Serotonin reuptake inhibiting medications, including the selective serotonin reuptake inhibitors (SSRIs), serotonin-norepinephrine reuptake inhibitors (SNRIs), and the serotonin reuptake inhibiting tricyclic antidepressants, as outlined in their datasheets, almost invariably affect sexual functioning and do so after a first dose. The 5α-reductase inhibitors, finasteride and dutasteride, according to their labels, commonly (5–9%) have acute effects on sexual functioning. Isotretinoin also has acute effects on sexual functioning [1] but the frequency of this change is unknown and is not mentioned in the medicine’s label.

The first reports of enduring sexual side effects from serotonin reuptake inhibitors appeared in 2006 with further reports and the designation of these effects as a post-SSRI sexual dysfunction (PSSD) following [2–8]. Since 2011, the US product information for Prozac (fluoxetine) has warned that “Symptoms of sexual dysfunction occasionally persist after discontinuation of fluoxetine treatment.” [9]. The fifth edition of the Diagnostic and Statistical Manual of Mental Disorders (DSM-5), published in 2013, states that “In some cases, serotonin reuptake inhibitor-induced sexual dysfunction may persist after the agent is discontinued” [10].

Finasteride was licensed for male pattern baldness in 1997. The first reports of enduring sexual side effects appeared in 2011 with further reports and a designation of the condition as a post-finasteride syndrome (PFS) following [11–13]. In 2011, the US Food and Drug Administration (FDA) updated the product information for Proscar and Propecia, to warn of erectile dysfunction after stopping treatment. In 2012, this was expanded to include decreased libido that continued after discontinuation of Proscar, and libido disorders, ejaculation disorders, and orgasm disorders that continued after discontinuation of Propecia. A warning was added to both drugs describing reports of male infertility and/or poor semen quality that improved after drug discontinuation [14].

A 1994 report of ejaculatory disorder on isotretinoin noted that Roche had received more than 150 reports of male sexual dysfunction since its launch in 1983, including 32 potency disorders and two reports of ejaculatory failure [1]. Published reports of enduring sexual dysfunction after treatment date to 2014 from the present authors [7], and subsequently from Lareb, the Netherlands Pharmacovigilance Centre, who reported three patients who had either not recovered or whose symptoms had not fully resolved after stopping [15]. Health Canada has since recommended that the product information for all isotretinoin products should list erectile dysfunction as a side effect of treatment, without giving any indication of how many are affected or addressing the issue of post-treatment sexual dysfunction [16].

Research on these syndromes has been hampered by the fact that coding systems, such as the Medical Dictionary for Regulatory Activities (MedDRA), do not yet recognise them, and the possibility that these conditions might happen was not known when the clinical trials of these drugs were undertaken.

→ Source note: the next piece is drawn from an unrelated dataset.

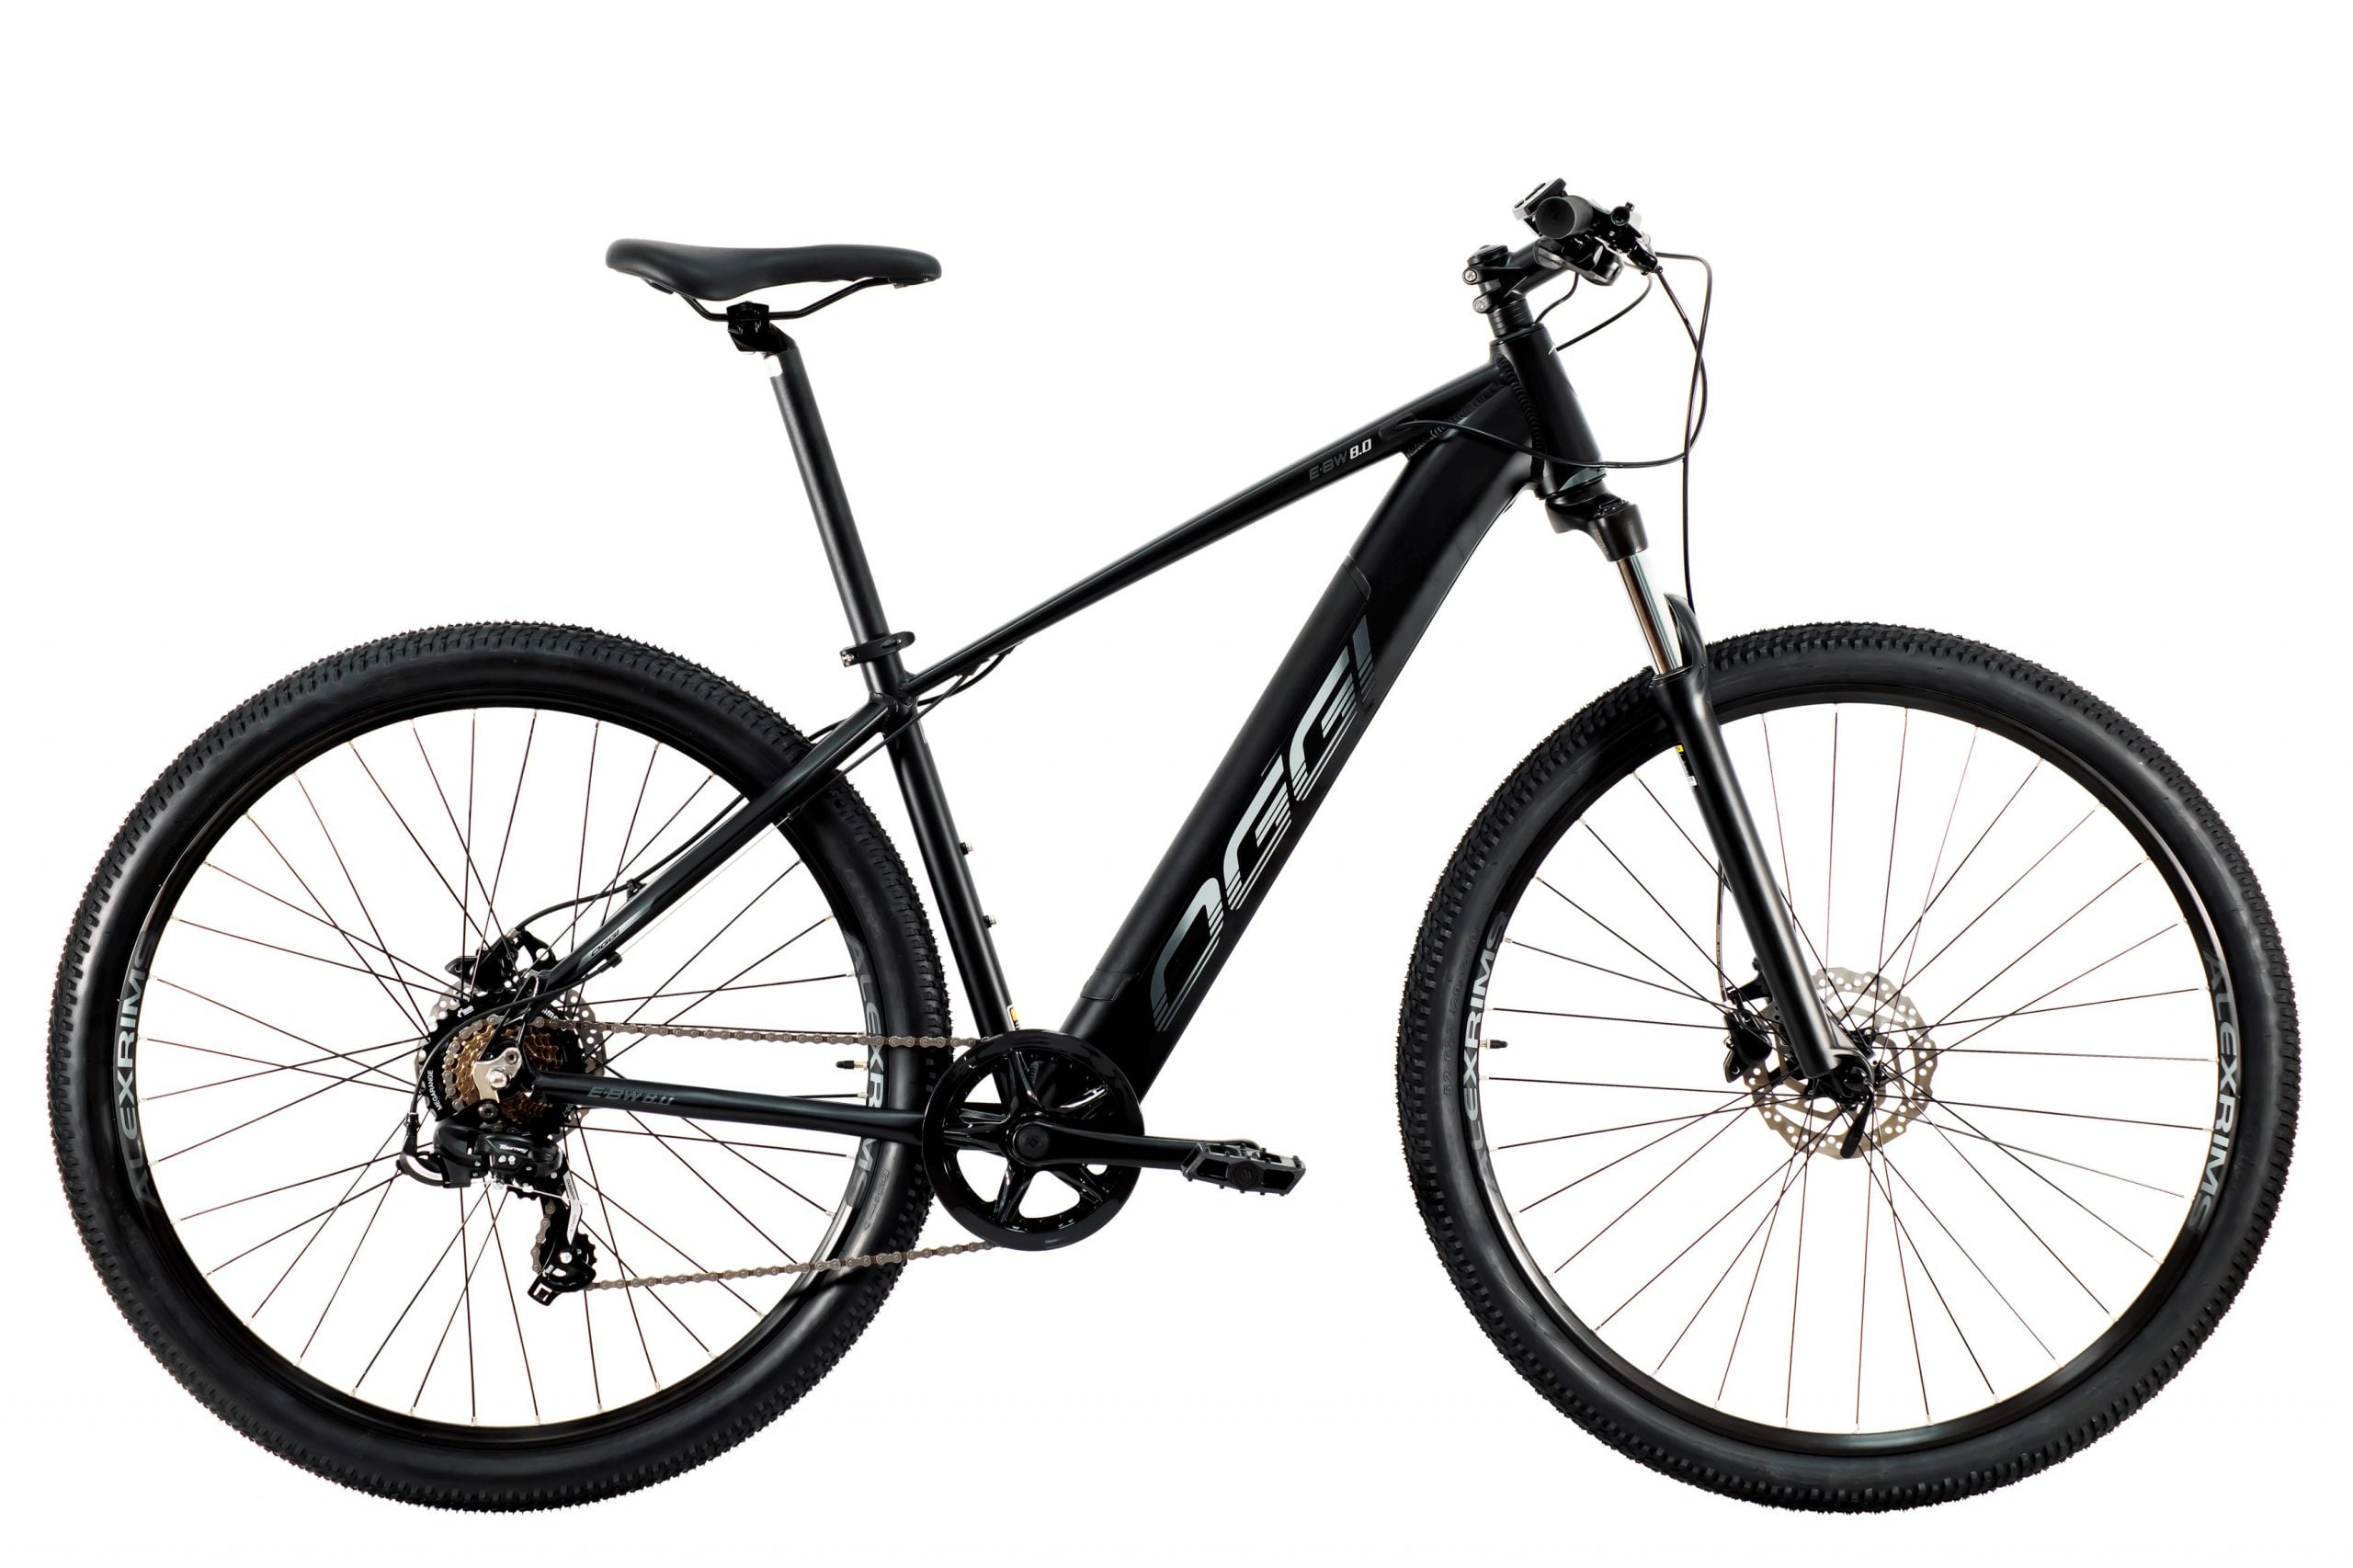 Bicicleta Elétrica Oggi Big Wheel 8.0 2021 Preta/Grafite Aro 29, 7v

Regulators may have reports consistent with these effects, but in the absence of an agreed code, reports are not likely to cohere into syndromes that can be researched. While PSSD and PFS have been named in the clinical literature, post-retinoid sexual dysfunction (PRSD) has not.

2Methods

RxISK.org is an independent drug safety website set up by the authors and colleagues, offering an adverse event reporting facility which began collecting data on all drugs and all adverse events in 2012. Since 2013, the site has run a number of articles about enduring sexual dysfunction following the use of SSRI/SNRIs, finasteride, and isotretinoin, and this likely encouraged reporting of these problems. RxISK offers reporters and site monitors the option to code for enduring sexual dysfunction.

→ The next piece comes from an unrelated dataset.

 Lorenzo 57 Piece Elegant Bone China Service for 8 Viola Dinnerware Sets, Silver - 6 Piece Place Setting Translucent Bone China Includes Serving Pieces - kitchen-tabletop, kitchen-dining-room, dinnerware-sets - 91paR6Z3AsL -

The website takes reporters through a set of structured questions to establish their age, sex, country of origin, drug consumption, medical history and other relevant health information (eg. smoking, pregnancy, alcohol use) along with clinical details. This is followed by a causality assessment based on the Naranjo algorithm to help determine whether an index drug is responsible for the event. A score of 0–4 indicates that more information is required, 5–8 indicates a likely link between medication and side effect, and 9+ denotes a strong possibility of a link between medication and side effect. The Naranjo and other algorithms are not geared to scoring legacy effects, and the scores reported here are likely underestimates as a result.

Finally, reporters are asked to rate and describe the impact of the problem on various aspects of their life ie. physical, mental, work and social activities.

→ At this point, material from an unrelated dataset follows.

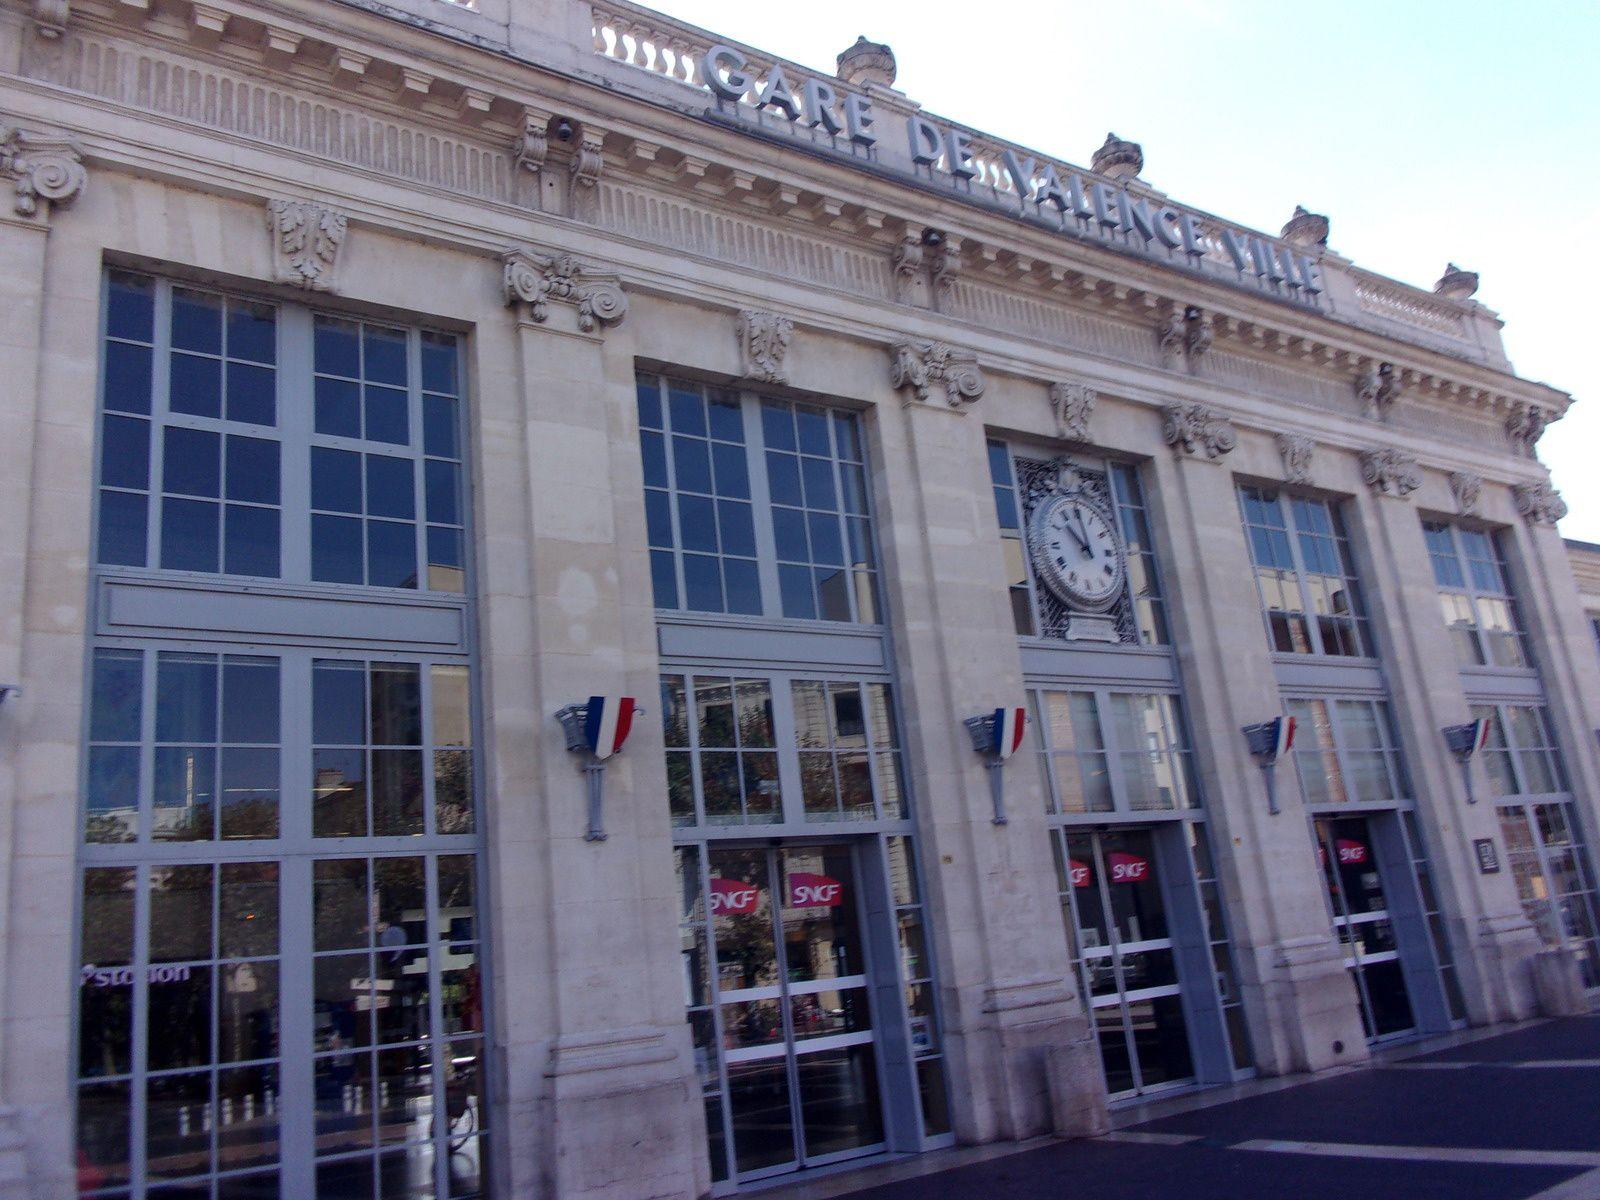 Terminus gare de Valence

A total of 3033 adverse event reports were received from 17th June 2012 to 17th December 2015, and from 26th April 2016 to 21st August 2017. There is a gap in this timeline as the reporting facility was unavailable for an extended period due to website maintenance.

The database was searched for reports of post-treatment sexual dysfunction relating to serotonin reuptake inhibitors, 5α-reductase inhibitors and isotretinoin. Cases were then eliminated for various reasons: unconvincing descriptions of the problem (n = 2), duplicate entries (n = 5), possible involvement of confounding factors (n = 10), ambiguity (n = 14), and those which did not offer sufficient detail to contribute to the delineation of a syndrome (n = 20) eg. reports which simply offered loss of libido as the consequence of treatment.

Not included within this study are eight reports of enduring sexual dysfunction linked to antipsychotics and catecholamine reuptake inhibitors. These are established causes of erectile dysfunction and loss of libido but are not linked to genital anaesthesia, and it is not clear from our reports whether there is an enduring syndrome that can be attributed to the use of these agents.

3Results

A breakdown of the 300 cases of post-treatment enduring sexual dysfunction reported to RxISK is shown in Table 1.

Table 1

Treatments linked to enduring sexual dysfunction

DrugMaleFemaleTotal (%)
Isotretinoin49554 (18.0)
Escitalopram301242 (14.0)
Citalopram291241 (13.7)
Paroxetine36440 (13.3)
Sertraline221032 (10.7)
Fluoxetine24731 (10.3)
Finasteride24024 (8.0)
Venlafaxine16319 (6.3)
Duloxetine8210 (3.3)
Fluvoxamine202 (0.7)
Vortioxetine202 (0.7)
Clomipramine101 (0.3)
Desvenlafaxine101 (0.3)
Dutasteride101 (0.3)

The mean causality scores were 8.9 for serotonin reuptake inhibitors, 8.8 for 5α-reductase inhibitors and 8.5 for isotretinoin.

Reports were received from a total of 37 countries across six continents: Europe (n = 137), North America (n = 126), Oceania (n = 15), Asia (n = 14), South America (n = 6) and Africa (n = 2).

Age details were supplied by 295 subjects, ranging from 15 to 66 years (Table 2). In 16 cases, onset of the condition was reported to have occurred under the age of 18.

Table 2

Age of subjects

SRIsIsotretinoin5α-RIs
Female n = 49Male n = 170Female n = 5Male n = 47Male n = 24
Minimum age1516231517
Maximum age5466344461
Mean age30.132.026.423.230.0

SRIs = serotonin reuptake inhibitors, 5α-RIs = 5α-reductase inhibitors.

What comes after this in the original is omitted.